E.g. ROUND(-1.6) = -2.
-
- double FLOOR(double)
Works towards negative infinity.
E.g. FLOOR(-1.2) = -2
-
- double CEIL(double)
Works towards positive infinity.
-
- double FMOD(double, double)
The same as operator %.
Note that the trigonometric functions need their arguments in radians.
The following functions reduce an array to a scalar.
They are meant for an array, but can also be used for a scalar.
-
- bool ANY(bool)
Is any element true?
-
- bool ALL(bool)
Are all elements true?
-
- double NTRUE(bool)
Number of true elements.
-
- double NFALSE(bool)
Number of false elements.
-
- numeric SUM(numeric)
Return sum of all elements.
-
- numeric SUMSQUARE(numeric), numeric SUMSQR(numeric)
Return sum of all squared elements.
-
- numeric PRODUCT(numeric)
Return product of all array elements.
-
- double MIN(double)
Return minimum of all array elements.
-
- double MAX(double)
Return maximum of all array elements.
-
- double MEAN(double), double AVG(double)
Return mean of all array elements.
-
- double VARIANCE(double)
Return variance (the sum of
(a(i) - mean(a))**2/(nelements(a) - 1).
-
- double STDDEV(double)
Return standard deviation (the square root of the variance).
-
- double AVDEV(double)
Return average deviation. (the sum of
abs(a(i) - mean(a))/nelements(a).
-
- double MEDIAN(double)
Return median (the middle element).
If the array has an even number of elements, the mean of
the two middle elements is returned.
-
- double FRACTILE(double, doublescalar fraction)
Return the value of the element at the given fraction.
Fraction 0.5 is the same as the median.
These functions reduce an array to a smaller array by collapsing
the given axes using the given function.

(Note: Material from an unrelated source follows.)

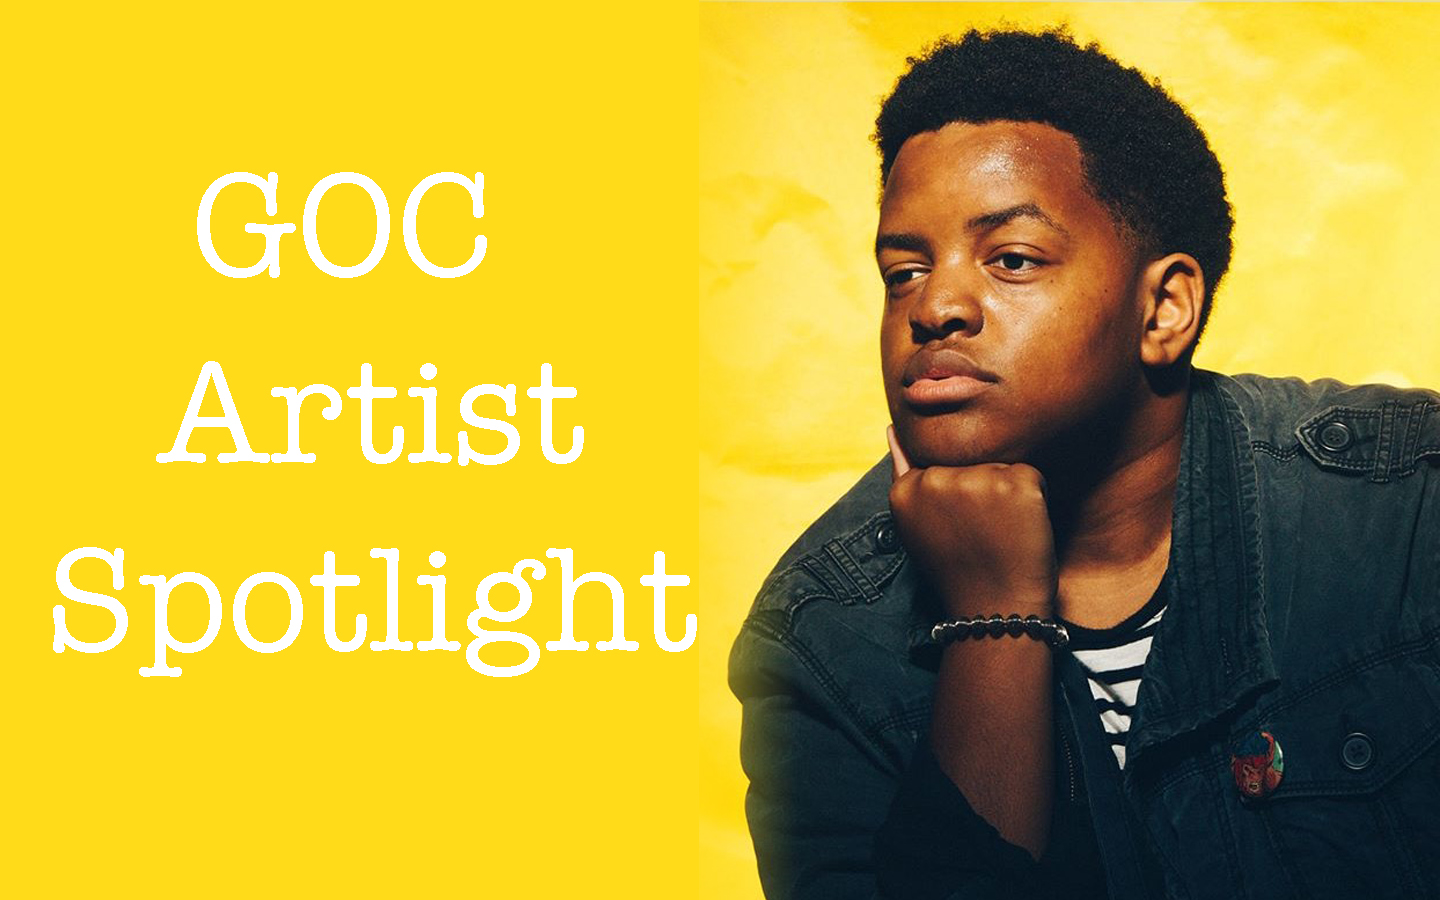 Artists of Color: An Interview with Ky Williams on His Art and Upcoming Comic Book
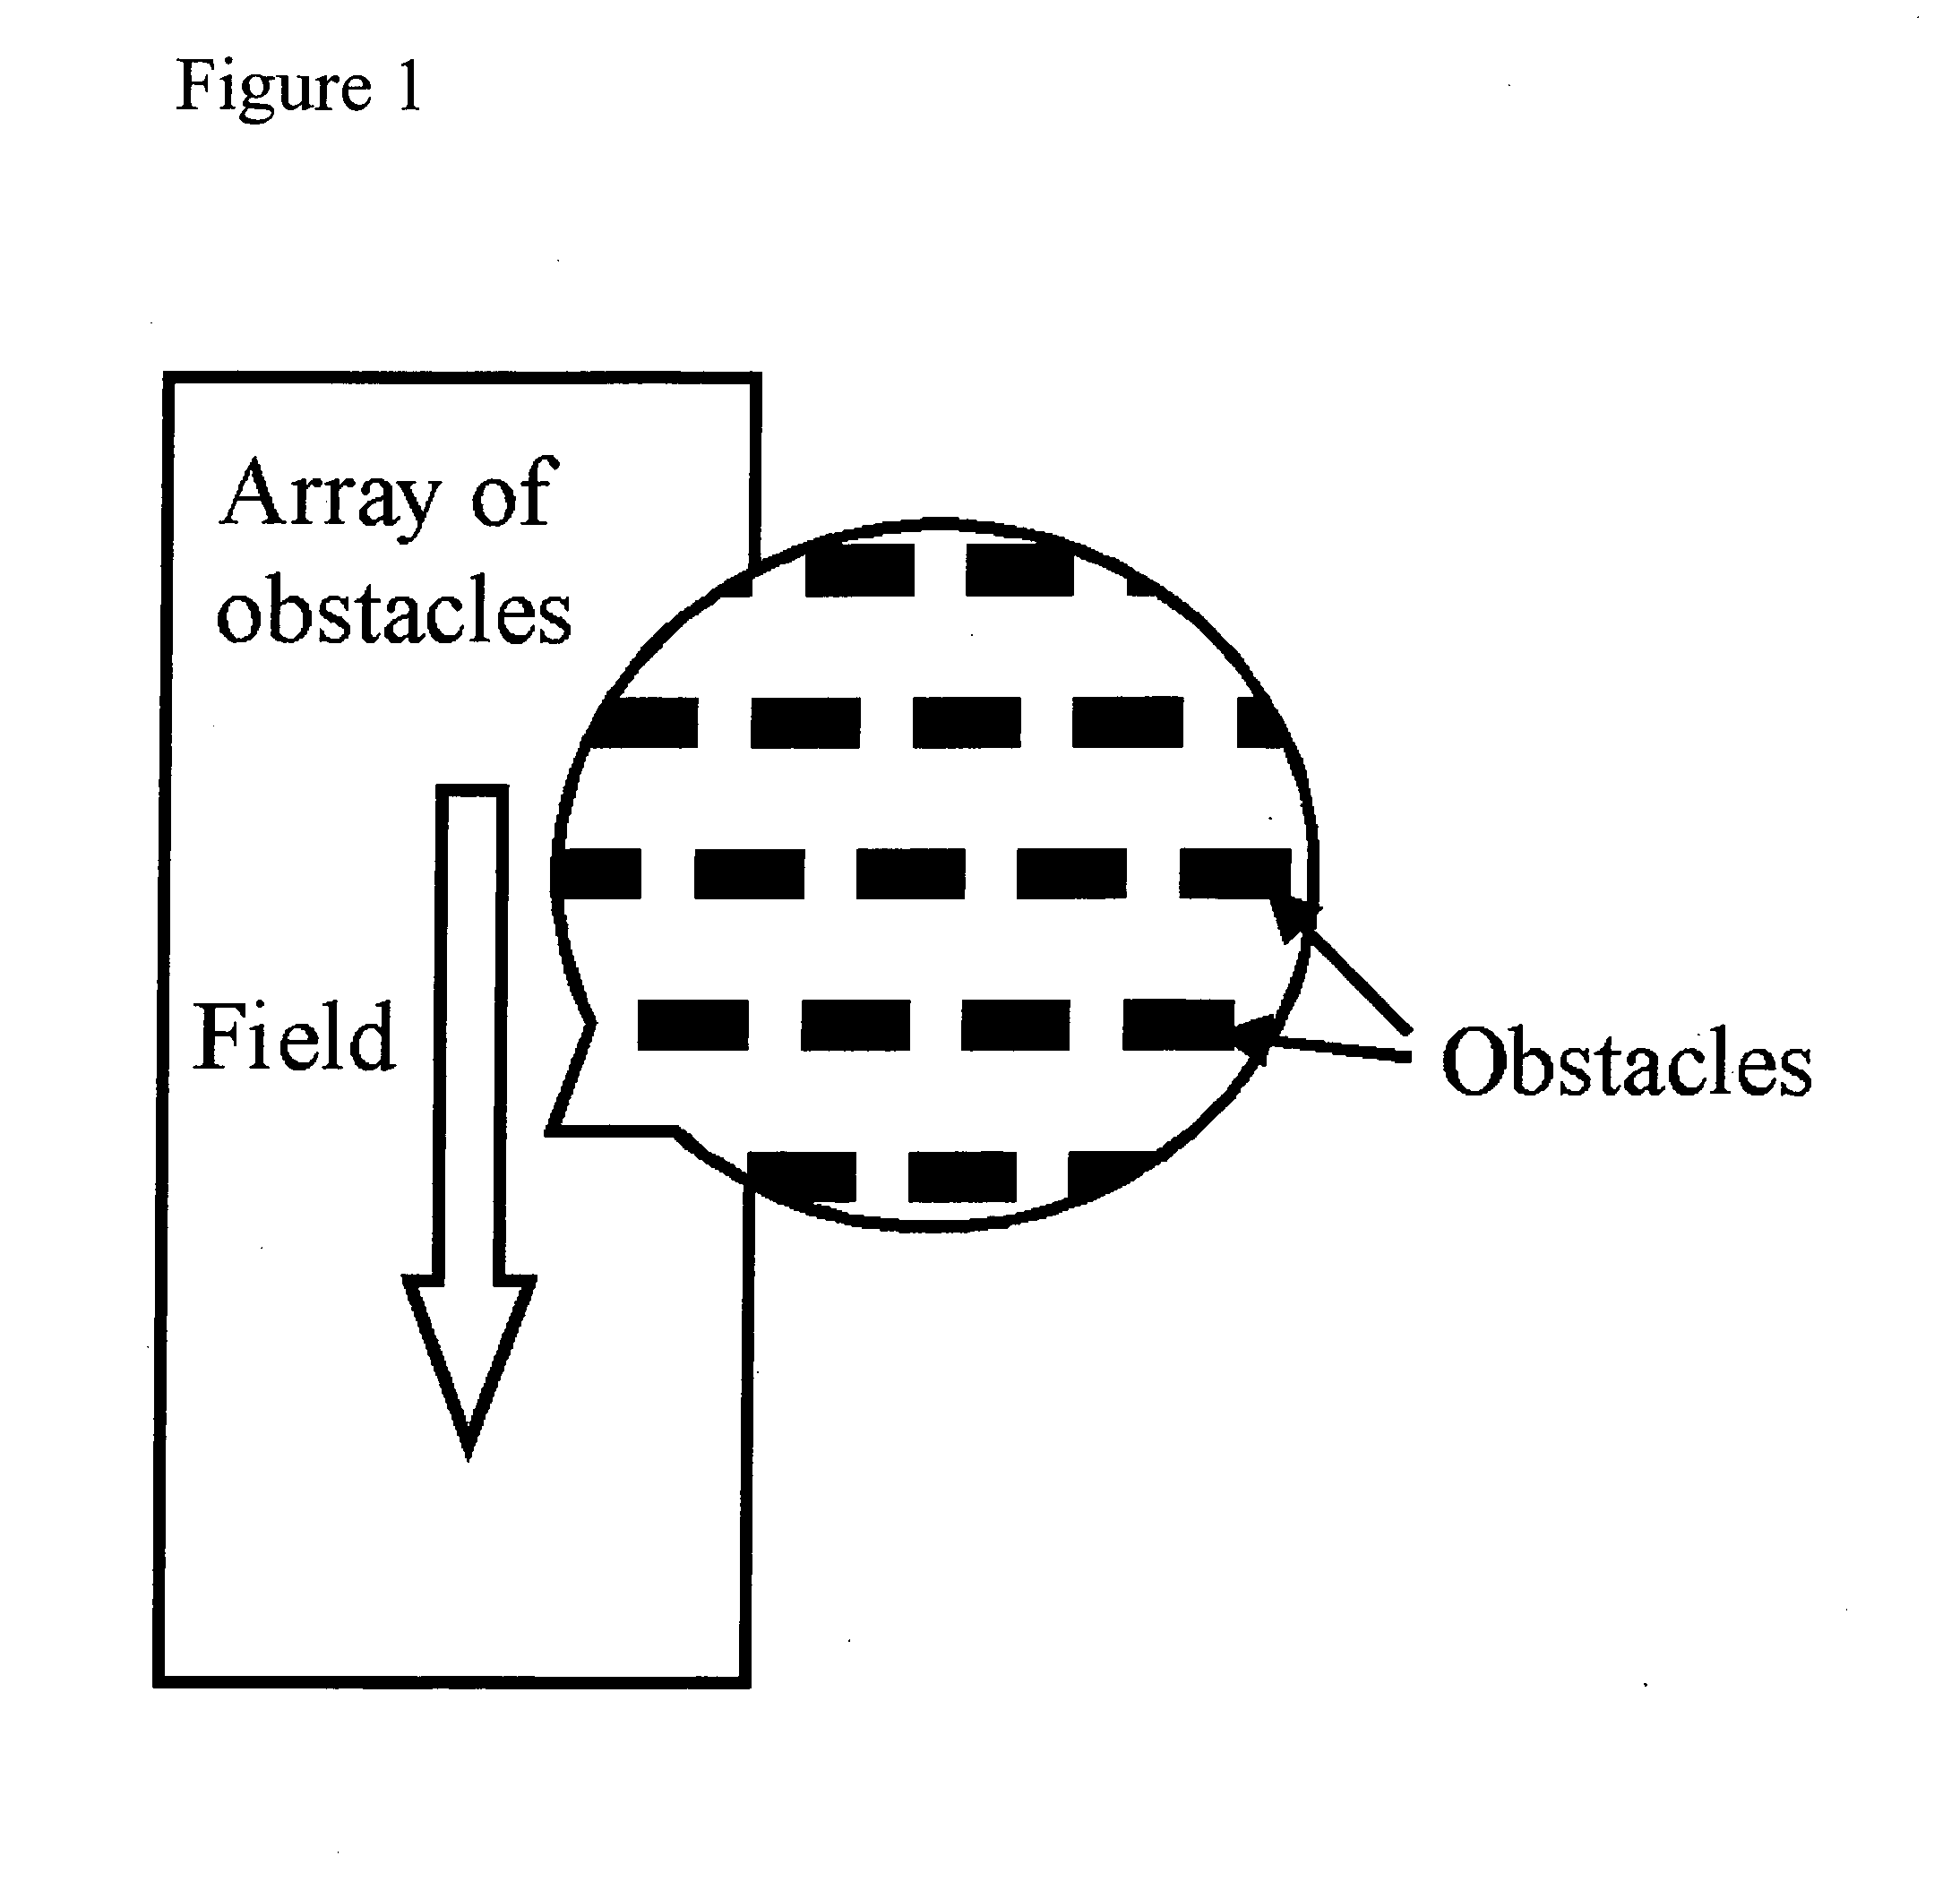 Method for continuous particle separation using obstacle arrays asymmetrically aligned to fields

The axes are the last argument(s).
They can be given in two ways:
- As a single set argument; for example, maxs(ARRAY,[1:2])
- As individual scalar arguments; for example, maxs(ARRAY,1,2)
For example, using
MINS(array,1,2) for a 3-dim array results in a 1-dim array
where each value is the minimum of each plane in the cube.
Axes numbers are 1-relative, thus 1 is the first axis.
Axes numbers exceeding the dimensionality of the array are ignored.
Thus, for example, maxs(ARRAY,[2:10]) works for arrays
of virtually any dimensionality and results in a 1-dim array.
The function names are the 'plural' forms of the
functions in the previous table.
They can only be used for arrays, thus not for scalars.
-
- bool ANYS(bool)
Is any element true?
-
- bool ALLS(bool)
Are all elements true?
-
- double NTRUES(bool)
Number of true elements.
-
- double NFALSES(bool)
Number of false elements.
-
- numeric SUMS(numeric)
Return sum of elements.
-
- numeric SUMSQUARES(numeric), numeric SUMSQRS(numeric)
Return sum of squared elements.
-
- numeric PRODUCTS(numeric)
Return product of elements.
-
- double MINS(double)
Return minimum of elements.
-
- double MAXS(double)
Return maximum of elements.
-
- double MEANS(double), double AVG(double)
Return mean of elements.
-
- double VARIANCES(double)
Return variance (the sum of
(a(i) - mean(a))**2/(nelements(a) - 1).
-
- double STDDEVS(double)
Return standard deviation (the square root of the variance).
-
- double AVDEVS(double)
Return average deviation. (the sum of
abs(a(i) - mean(a))/nelements(a).
-
- double MEDIANS(double)
Return median (the middle element).
If the array has an even number of elements, the mean of
the two middle elements is returned.
-
- double FRACTILES(double, doublescalar fraction)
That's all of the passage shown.